**** Supplied information
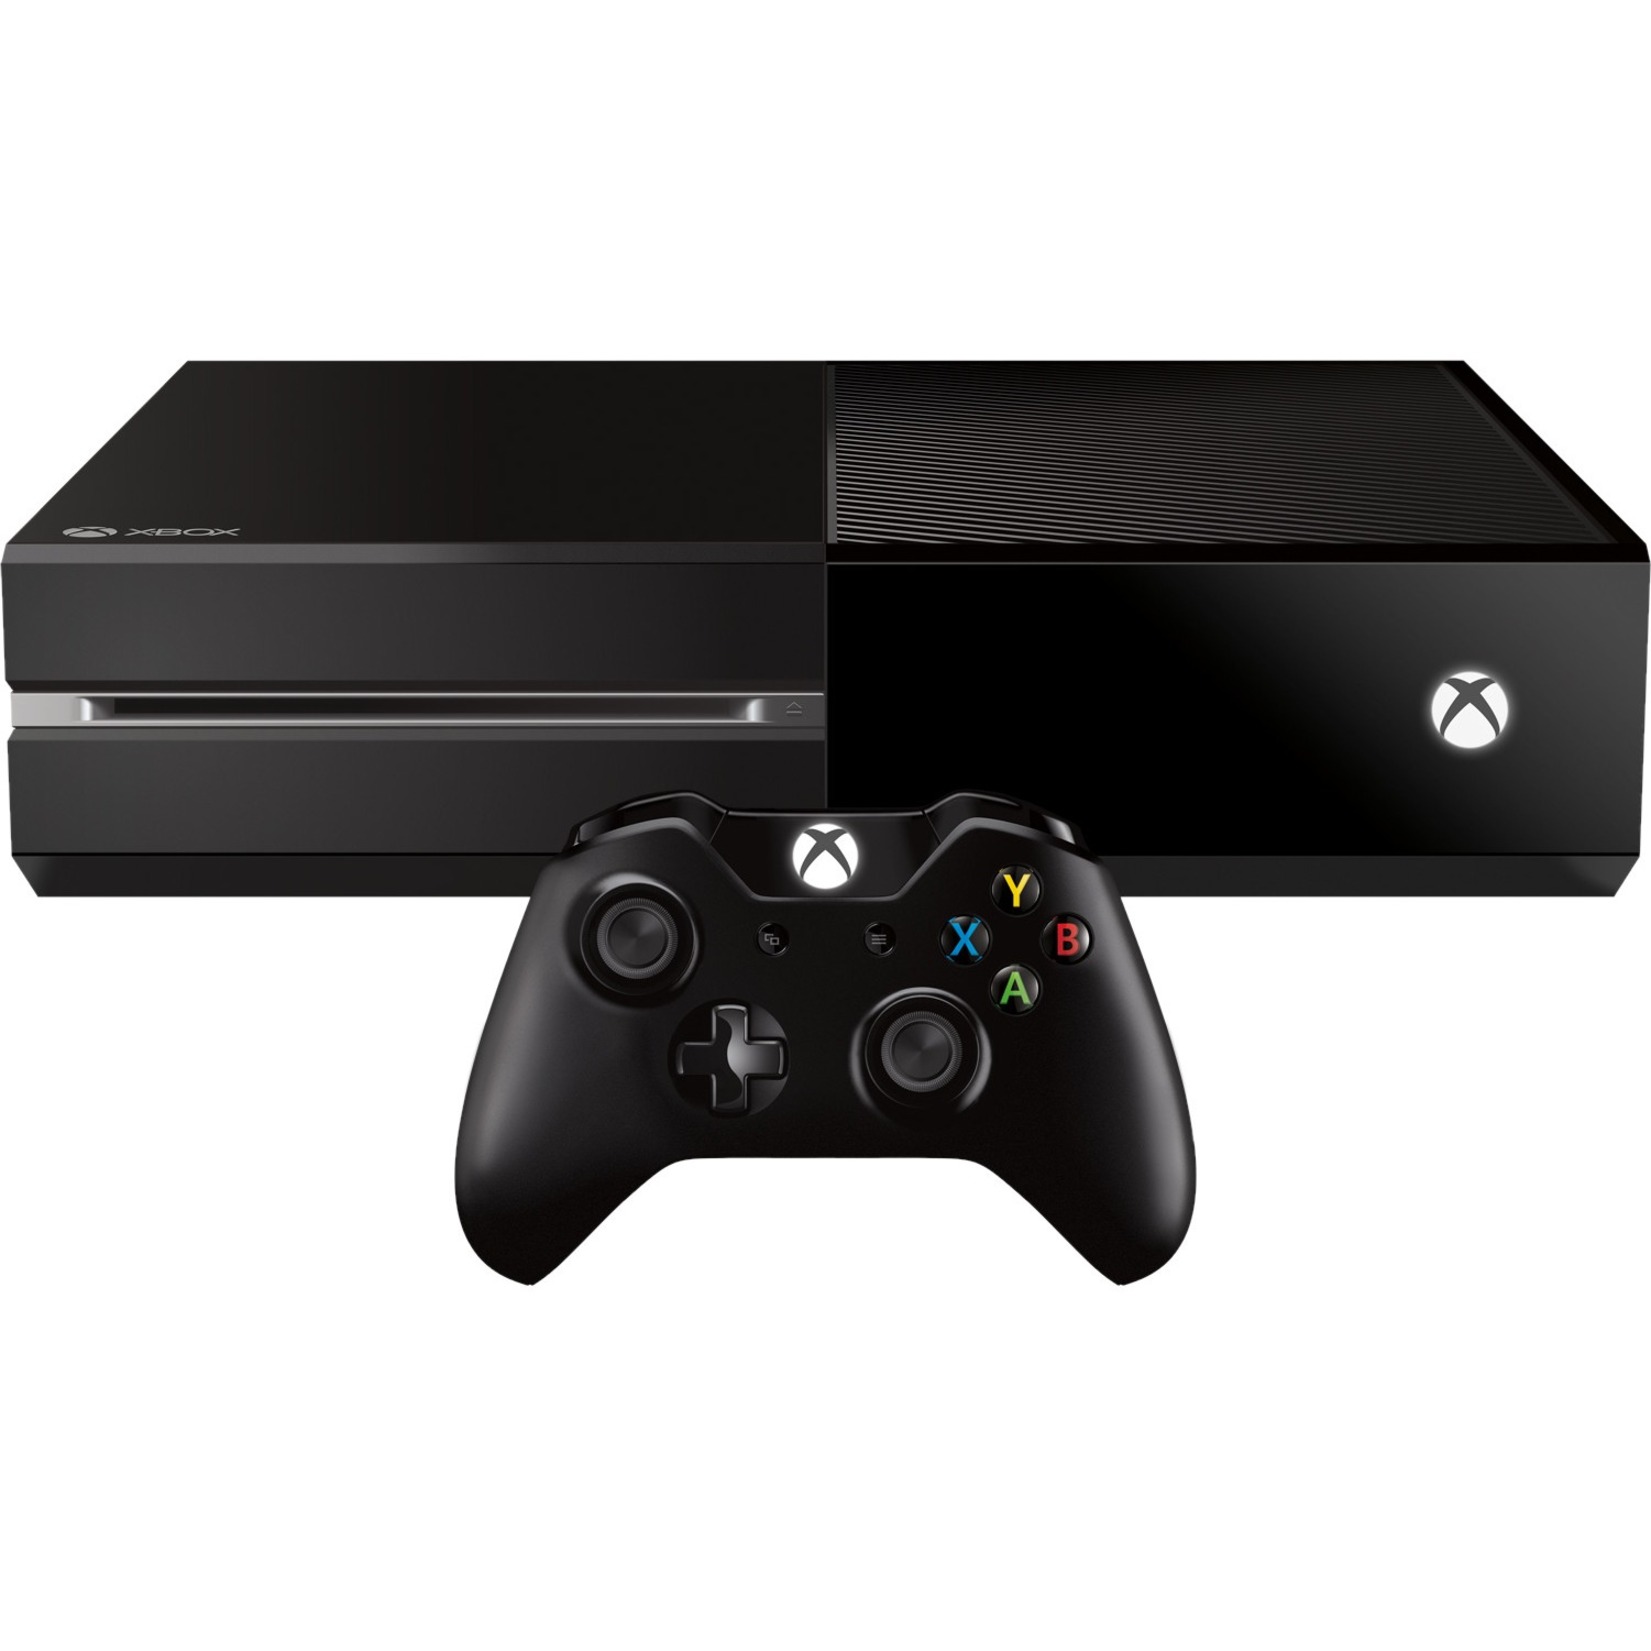 Microsoft Xbox One Gaming Console - image 1 of 4
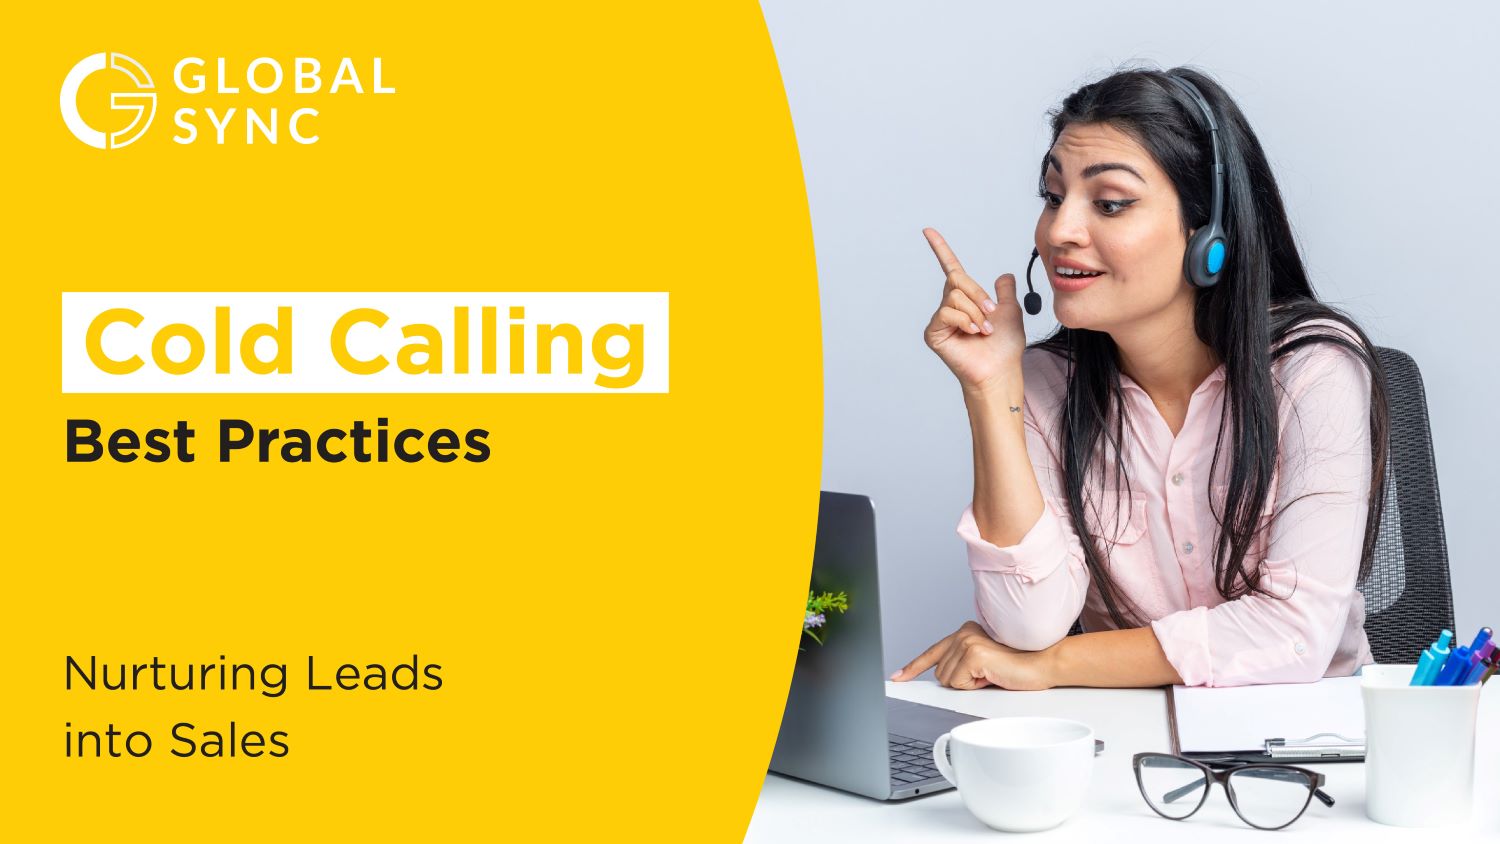 Cold Calling Best Practices: Nurturing Leads into Sales
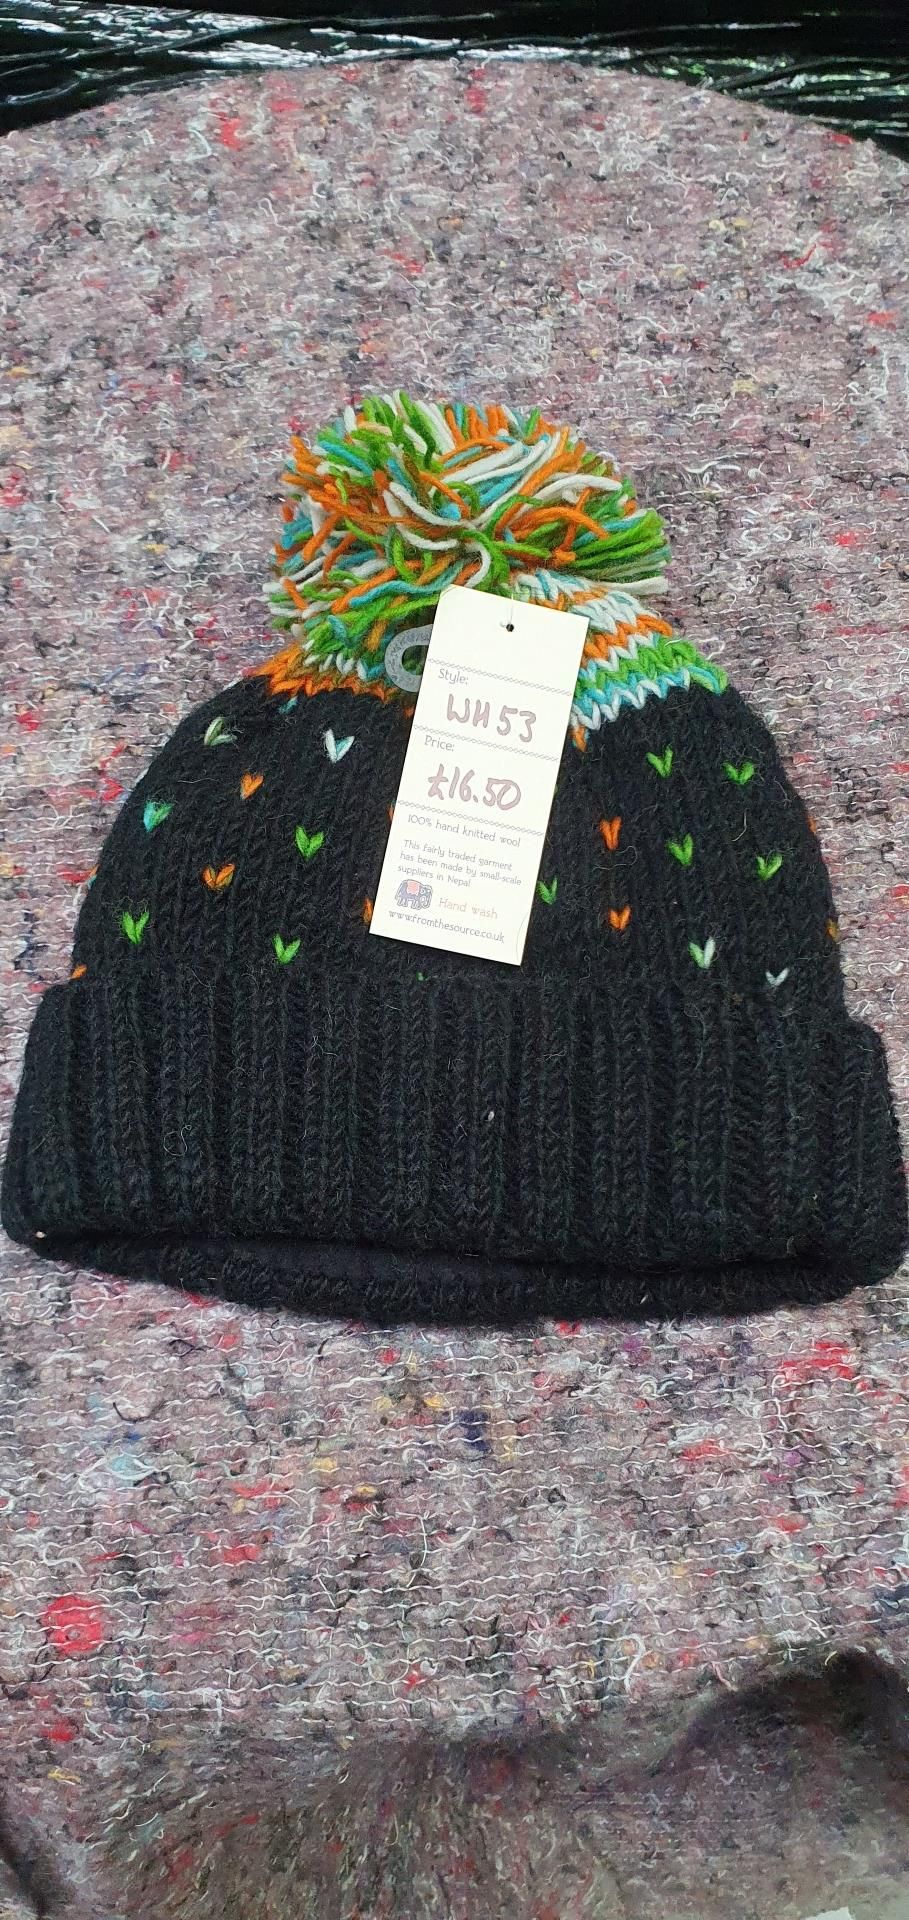 13 x Assorted Bobble Hats and Woolly Gloves by From The Source - New Stock - Ref: TCH236 - CL840 - - Image 13 of 24
********
- Work to be completed
Everything from the line that contains "Cold Calling Best" to the final line of the data is to be duplicated exactly, both ends included, except the pictures.

- Expected output
 Cold Calling Best Practices: Nurturing Leads into Sales
 13 x Assorted Bobble Hats and Woolly Gloves by From The Source - New Stock - Ref: TCH236 - CL840 - - Image 13 of 24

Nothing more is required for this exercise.